Imagine an aircraft that can take off and land vertically, but isn’t a helicopter. It has an intelligent pilot, but there’s no human being sitting at the controls. Boeing has propelled itself into the world of futuristic aircraft with its acquisition of Aurora Flight Sciences.
Boeing announced on Friday that it will acquire Aurora Flight Sciences Corporation, a company that specialises in advanced robotic aircraft. Aurora already has an impressive portfolio of autonomous aircraft, including vehicles it has been working on with Uber for its flying taxi project.
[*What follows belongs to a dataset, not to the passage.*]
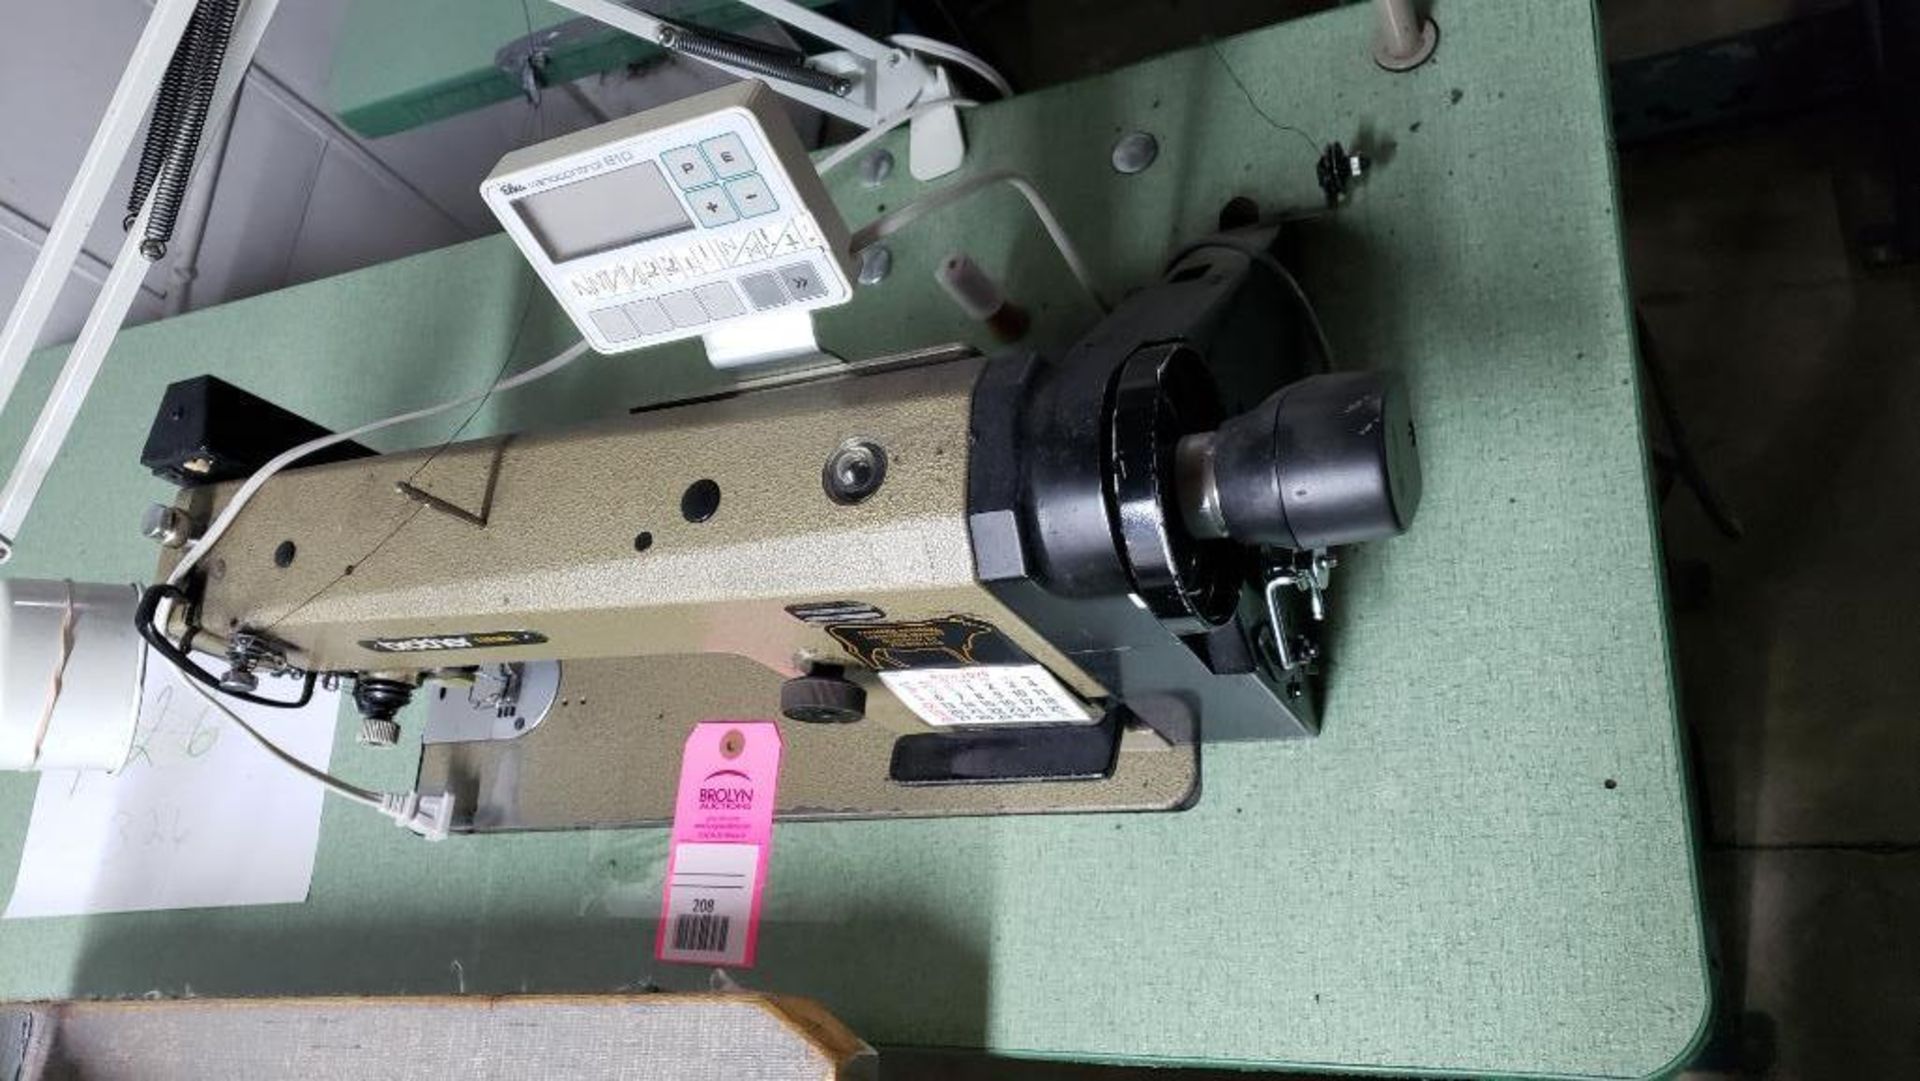 Brother industrial sewing machine. 3 ph 220-240v.

Much of Aurora’s business in the past has been with the U.S. Military, namely DARPA (The Defense Advanced Research Projects Agency) and NASA. Its aircraft have attracted interest (and funding) mainly due to its advanced Vertical Takeoff and Landing (VTOL) technology, with the small company beating out Boeing and Lockheed Martin last year to build the VTOL X-Plane for DARPA.
What does Boeing plan to do with this technology? The organisation’s press release doesn’t reveal much, but there’s speculation that the acquisition will help bolster Boeing’s own expertise in autonomous aircraft and VTOL tech, with most of that knowledge being funnelled into military aircraft. On the civilian side, the combination of autonomous piloting and VTOL technology are ideal for finally developing the drone taxis we’ve been hoping for. It is unclear whether Aurora will continue to work with Uber on this project.
A report in the Wall Street Journal notes that the acquisition is likely to have an impact on the jet maker’s supply chain long before it produces self-flying planes: “The technology includes … machine learning capability, which could be used to make industrial operations more efficient. Aurora produces composite parts for aircraft and other vehicles, potentially a big attraction to Boeing as it looks to take greater command of its supply chain.”
In other news this week:
Air France Testing Blockchain Technology
- Air France KLM’s engineering and maintenance division is evaluating the potential for Blockchain to become its new digital ledger for managing replacement parts on in-service aircraft.
- A spokesperson noted that Blockchain’s resilience, traceability, integrity and disintermediation are well suited to the aviation supply chain.
Elon Musk On Track To Win Solar Battery Bet
- Elon Musk has announced that Tesla has reached the halfway point of construction on the “world’s biggest battery” in South Australia.
- The company has a 100-day deadline to complete the construction of a 100-megawatt battery array, or it will build it for free.
- The batteries, expected to power 30,000 homes, were commissioned as an innovative solution to an ongoing energy crisis in South Australia.